It’s been introduced as nothing less than a new way of computing certain kinds of problems. It’s another approach to computing more the way the brain does it than the way Mr. Von Neumann does it. Which is to say, using orders of magnitude less power than Mr. Von Neumann would consume. (Yes, given a chicken in every pot and a nuclear reactor in every backyard, Mr. Von Neumann can do most anything…)
A recent announcement by Knowm (pronounced like “gnome”) brought some renewed attention to their AHaH Computing paradigm. Before addressing what that means, just a heads-up that this is not obvious stuff; if this is going to become the new normal for certain types of computing, then it’s going to have to either get easier to understand or be completely abstracted away. We’ll come back to the specific announcement, but in order to provide the context, let’s first attempt an extremely cursory review of just what the heck they’re talking about, to the extent that I can decode it.

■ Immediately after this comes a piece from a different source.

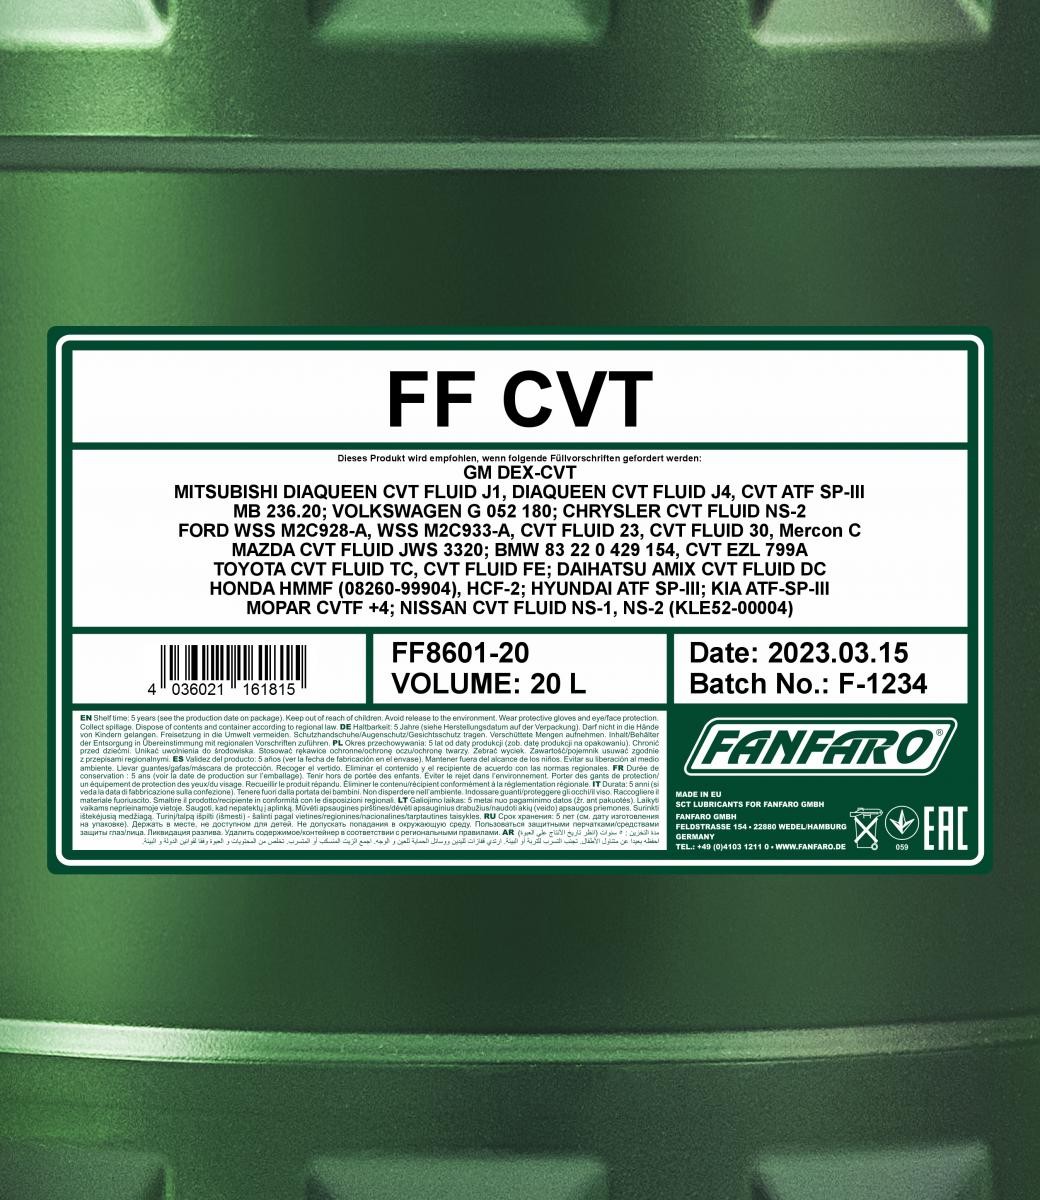 FANFARO Automatic transmission fluid FF8601-20

There’s a very thorough paper that lays out the whole concept, although it may be better suited to those already involved in this stuff. If you, like me, arrived at the party long after the cake had been cut, then it’s much harder to understand. There are lots of references to other natural phenomena, like the branching of rivers and a proposed 4th thermodynamic law, but they initially seem like analogies more than actual proofs. Unless, of course, you’re already steeped in this stuff. Or maybe it’s just me…
To be clear, lest I sound like I’m casting stones here, Knowm has produced an unusual number of documents and videos to help educate folks, so they’ve put in a lot of effort. But it’s a serious time commitment to absorb it all. And, while it may be sufficient for their audience, it’s still possible for the rest of us to go through it all and still have some holes in our understanding.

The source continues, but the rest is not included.